Population Structure and TreeMix analysis
The population genetic structure of 60 individuals was inferred by FRAPPE [34]. We set the number of cluster (K) from 2 to 6 and ran analysis with 10,000 iterations. Migration events among the populations were inferred using TreeMix [35]. We converted plink output for TreeMix by plink2treemmix module in TreeMix software. We set the number of migration events from 1 to 3. For each number of migration events, we ran 100 random input orders.
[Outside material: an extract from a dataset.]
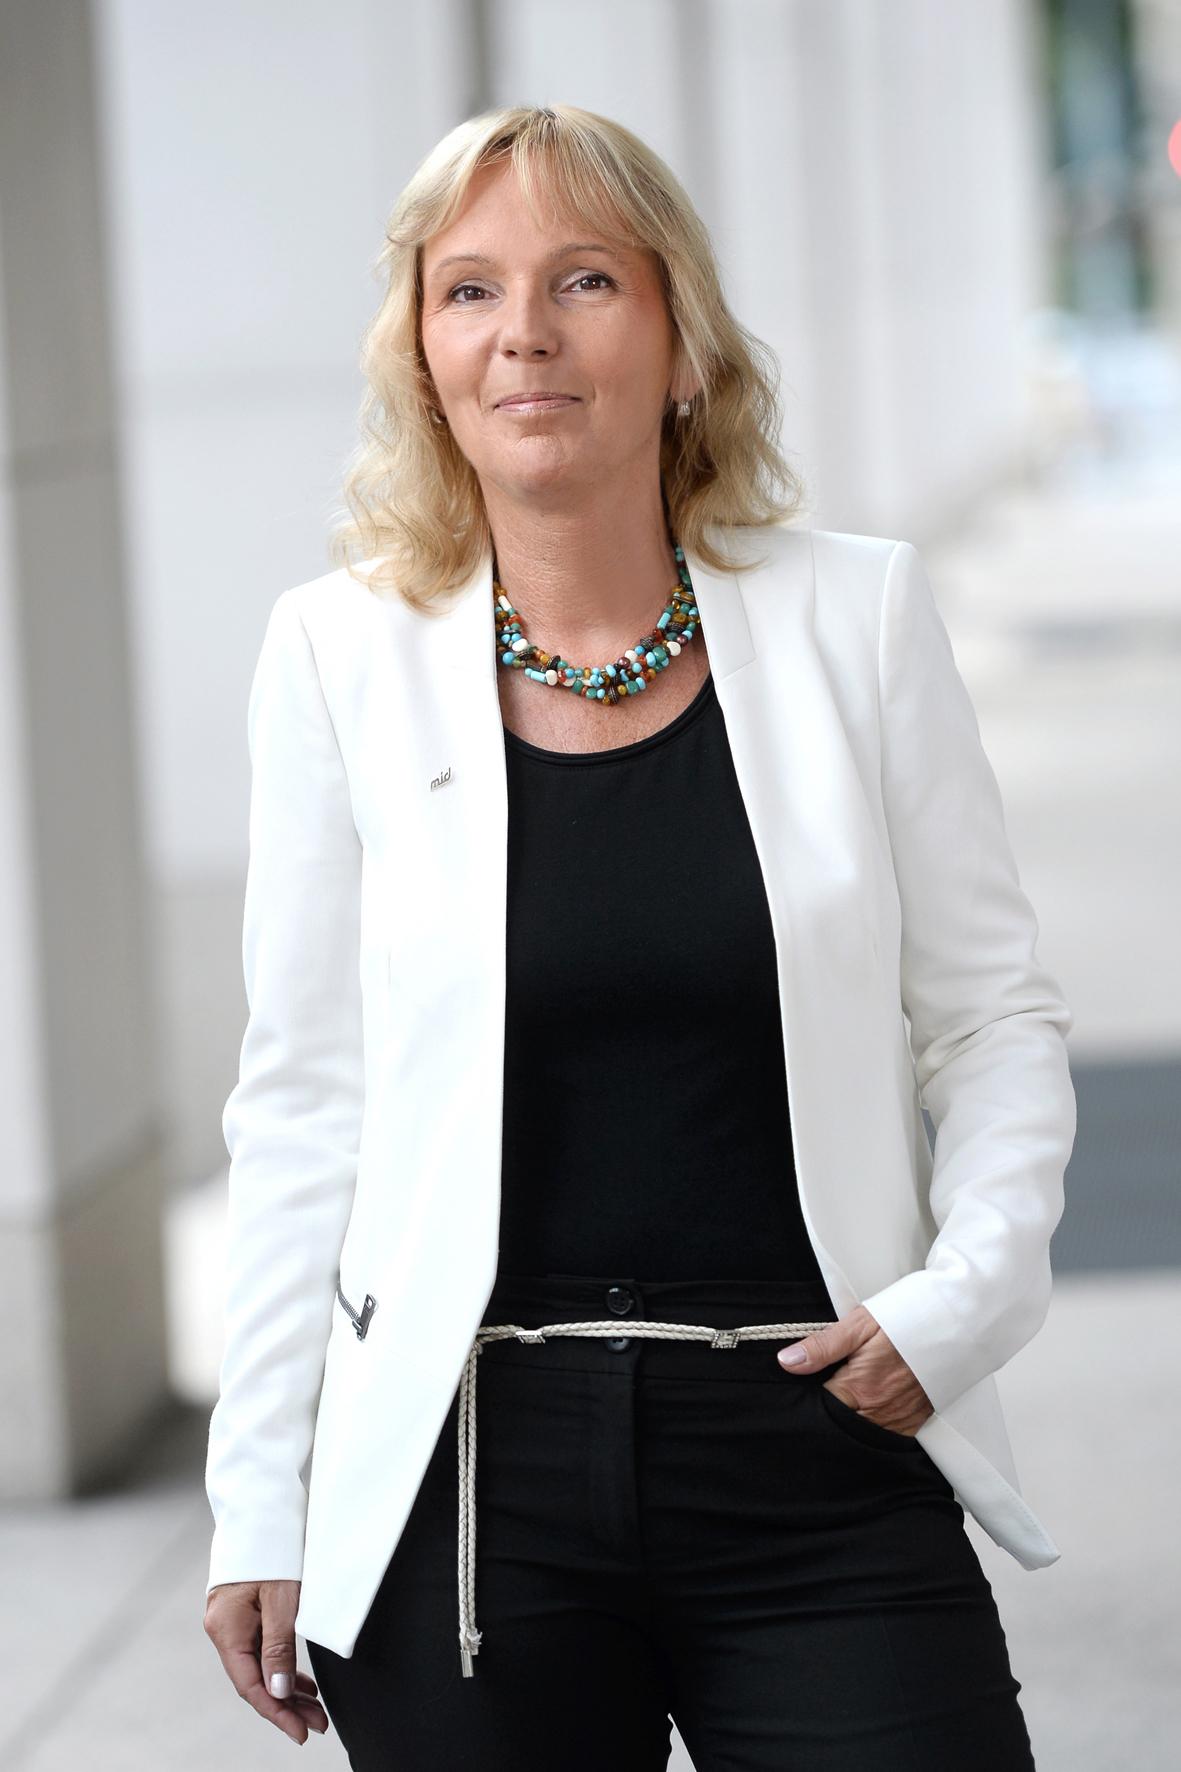 mid Düsseldorf - Jutta Bernhard tritt als neue Eigentümerin der Global Press Nachrichten-Agentur an.

Linkage Disequilibrium Analysis
We compared the pattern of linkage disequilibrium (LD) among 6 breeds using the 2.8 million high-quality SNPs. To estimate LD decay, we calculated the squared correlation coefficient (r2) between pairwise SNPs using the software Haploview [36]. The average r2 value was calculated for pairwise markers in a 500-kb window and averaged across the whole genome.
Effective Population Size
We used a hidden Markov model (HMM) of pairwise sequentially Markovian coalescence (PSMC) to reconstructed demographic history of 60 individuals. Firstly, we called genotype each individual using the package SamTools [30] based on the command ‘mpileup’ with the parameter ‘-C 50 -D -S -m 2 -F 0.002’. Then, we performed the program `fq2psmcfa' with the parameter ‘−N30, −t15, −r5 and −p ‘4+25*2+4+6’’ to convert the consensus sequence to the required input format. A mutation rate (μ) of 1.6×10-9 per bp per generation [7] and a generation time of 1 year were used for analysis. In addition, we applied a bootstrapping approach, repeating sampling 100 times on two samples to estimate the variance of simulated results.
Selective Sweep Analysis
The nucleotide diversity (θπ), population-differentiation statistic (FST), Tajima’s D statistic and Watterson estimator (θW) were calculated with sliding windows of 40 kb that had 20 kb overlap between adjacent windows. The putative genomic regions under positive selection during domestication were extracted based on being the highest differences in genetic diversity (log2(θπ ratio)) and the top 5% of FST. We identified a total of 665 potential selective-sweep regions overlapping with 387 candidate genes in merging domestic ducks and 491 potential selective-sweep regions overlapping with 311 candidate genes in Shaoxing ducks, which would be used for subsequent analysis and discussion.
Functional Enrichment Analysis
Gene Ontology term enrichment analysis was processed with those selective genes by goseq packages in R software. We used the GOSeq R package, in which gene length bias was corrected, to perform GO and functional pathway analysis on the candidate genes. The Gene ontology (GO) and the Kyoto Encyclopedia of Genes and Genomes (KEGG) pathways with a Benjamini adjusted P-values less than 0.05 were considered significantly enriched.
RNA-seq and Gene Expression Analysis
To infer whether the genes under selection could also affecting gene expression between Shaoxing ducks and mallards, we compared gene expression in breast muscle, liver and cerebellum between this two groups. 3 females from Shaoxing ducks and mallards respectively were selected for transcriptomics analysis.
All samples were individually sequenced by Illumina HiSeq 4000 sequencing platform. Perl scripts was used to ensure the quality of raw data. The reference genomes and the annotation file were downloaded from ENSEMBL database (http://www.ensembl.org/index.html). We used Bowtie/Bowtie 2 to build the genome index and TopHat v2.0.12 to map clean data to reference genome. And HTSeq v6.0 was used to count the number of fragments for each gene in each sample. The expression level of genes in each sample was estimated by FPKM (Fragments Per Kilobase Per Million Mapped Fragment). We used DEGseq v1.18.0 to analyze differential gene expression between Shaoxng and Shanma ducks. Genes with q≤0.05 and |log2Ratio|≥1 are identified as differentially expressed genes.